The function should output pval.list a list of realizations of p-values.

(b) (5 points) Generate a design matrix using the generate.X function defined on page 10 of the notes of Regression Part 2. Use n = 20, mu = 10, σX = 1 and ρ = 0.8. Use your function from part (a) to simulate p-values for the hypothesis test

H0 : β2 + β3 = 0

Ha : β2 + β3 ̸= 0

Use β = (10, 1, −1, 0), σ = 0.5 and reps = 5000. You C matrix should have one row and four columns. Use these realizations of p-values to give a 95% score CI for the Type I error probability of the test when α = 0.05.

(c) (5 points) Using the same design matrix from part b use your function to simulate p-values for the hypothesis test

H0 : β2 = β3 = β4

Ha : β2, β3, β4 are not all equal

Use β = (10, 1, 1, 0), σ = 0.5 and reps = 5000. You C matrix should have two rows and four columns. Use these realizations of p-values to give a 95% score CI for the power of the test when α = 0.05.

Question 3 (25 points)

In this question, we will compare AIC and BIC under multicollinearity, changing standard deviation of random errors and changing sample size.

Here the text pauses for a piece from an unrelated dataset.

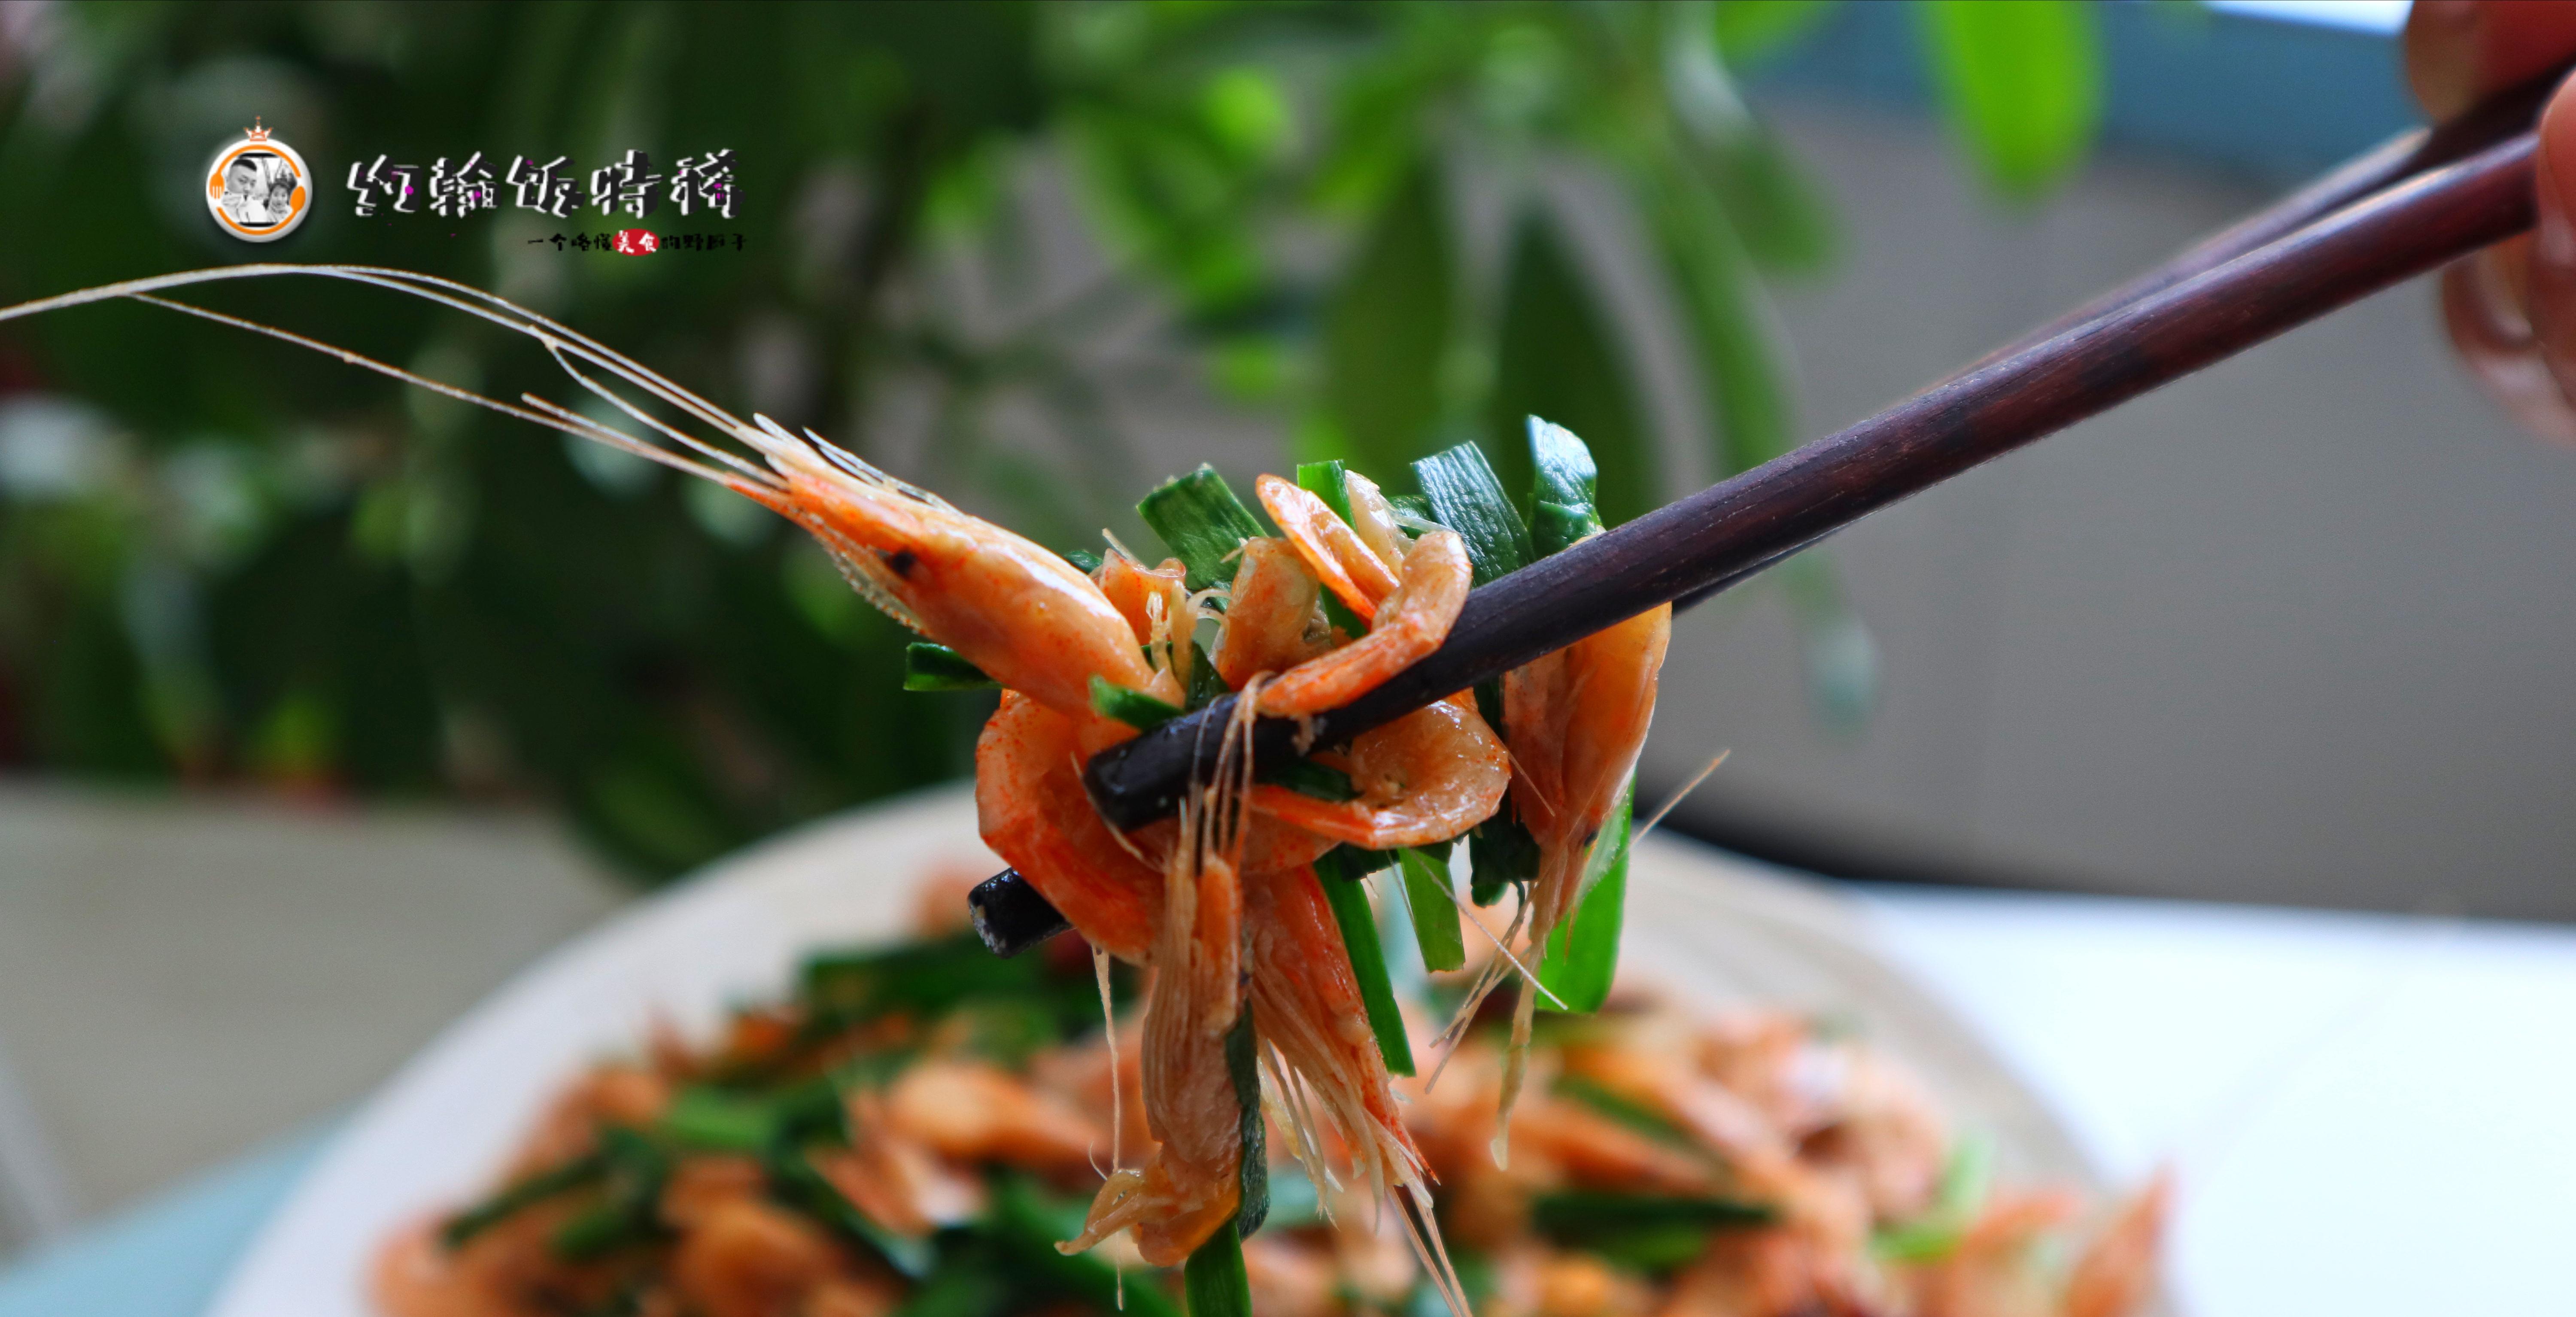 原创小白虾炒韭菜一道让人着迷的家常菜做法简单食材不贵

We will use the generate.X function defined on page 10 of the notes of Regression Part 2 to generate the design matrix X.

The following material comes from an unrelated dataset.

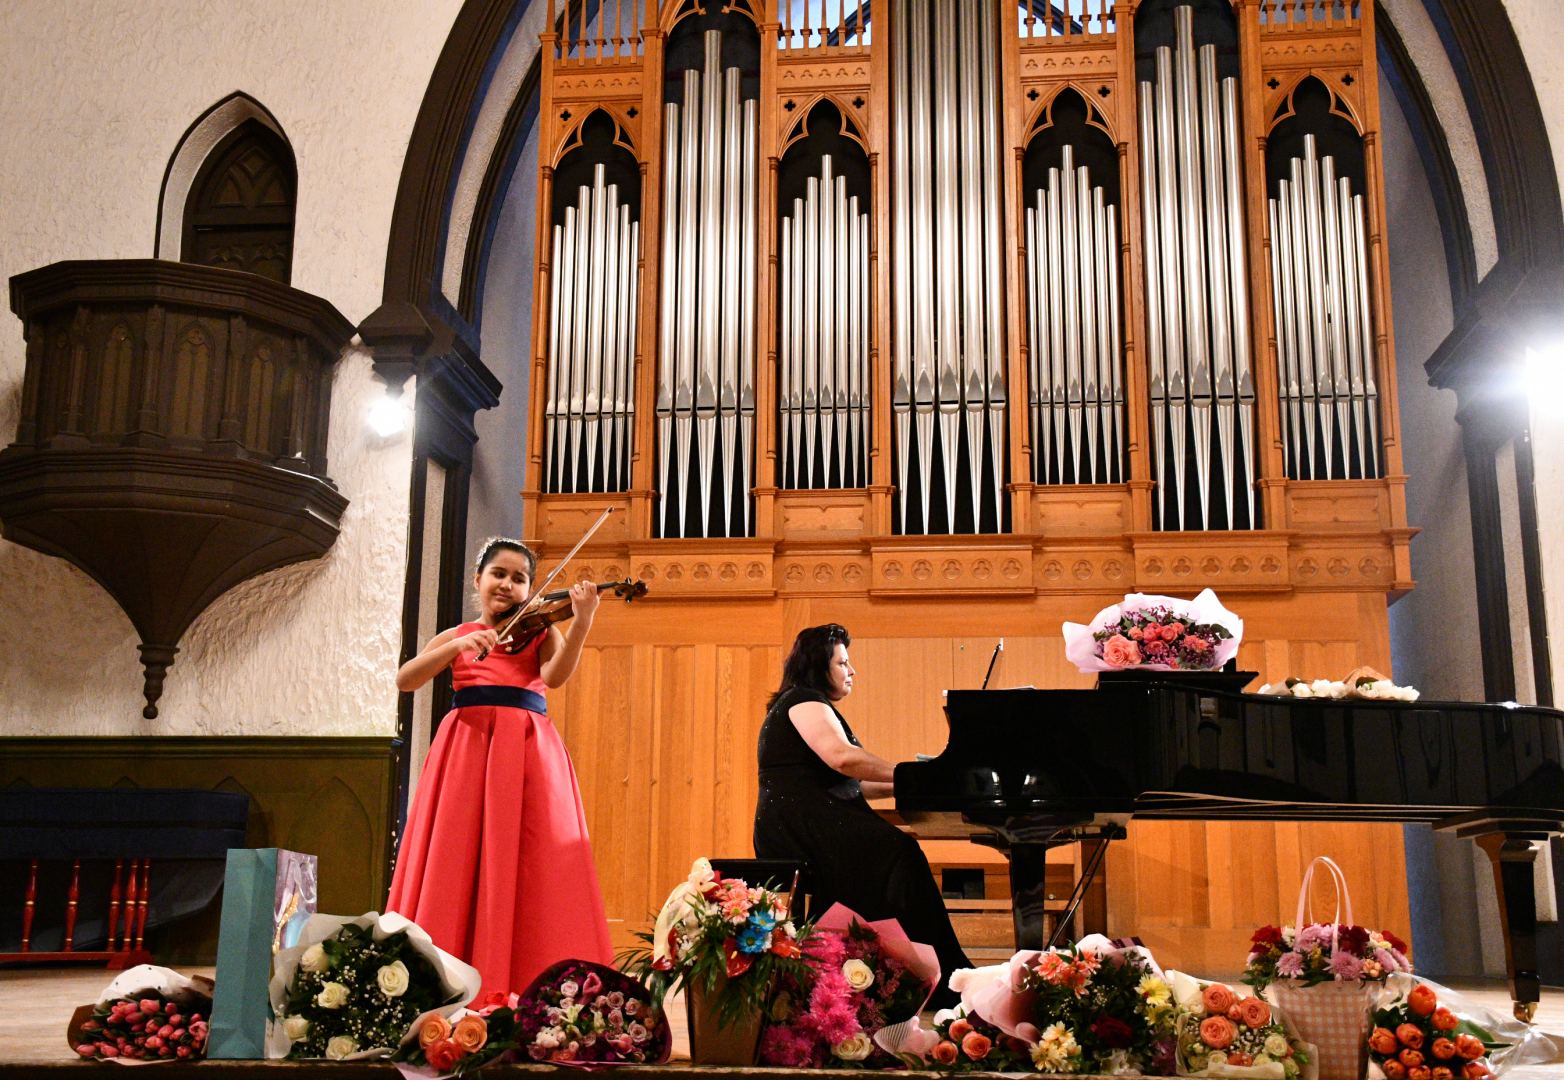 “Gənclərə dəstək” layihəsi çərçivəsində Elmira Dadaşovanın solo konserti olub (FOTO)

(a) (5 points) We know generate.X will return a matrix with first column standing for intercept, second for X1, third for X2 and last for X3. List out all the eligible subset model.

(b) (6 points) Now let ρ ∈ {0.25, 0.5, 0.98}. Let σX = 1, n = 50, µ = 10. For each ρ, generate the design matrix with generate.X. Then use reps=1000 realizations of data to estimate (1) the probability that AIC choose the true model and (2) the probability that BIC choose the true model. In each realization, use β = (1, 1, 0, 1)′ and use N(0, 4) to generate the random errors. Create a 95% score CI for those two probabilities.

(c) (7 points) Now let n ∈ {10, 20, . . . , 100}. Let σX = 1, ρ = 0.5, µ = 10. For each n, generate the design matrix with generate.X. Then use reps=1000 realizations of data to estimate (1) the probability that AIC choose the true model and (2) the probability that BIC choose the true model.

In each realization, use β = (1, 1, 0, 1)′ and use N(0, 4) to generate the random errors. Create a 95% score CI for those two probabilities. Create a plot of n against the estimated probability for each information criterion and include the CI in the plot.

(d) (7 points) Now let σ ∈ {1, 1.2, 1.4, . . . 4}. Let σX = 1, ρ = 0.5, n = 50, µ = 10. Generate the design matrix with generate.X. For each σ, use reps=1000 realizations of data to estimate (1) the probability that AIC choose the true model and (2) the probability that BIC choose the true model.

In each realization, use β = (1, 1, 0, 1)′ and use N(0, σ2) to generate the random errors. Create a 95% score CI for those two probabilities. Create a plot of σ against the estimated probability for each information criterion and include the CI in the plot.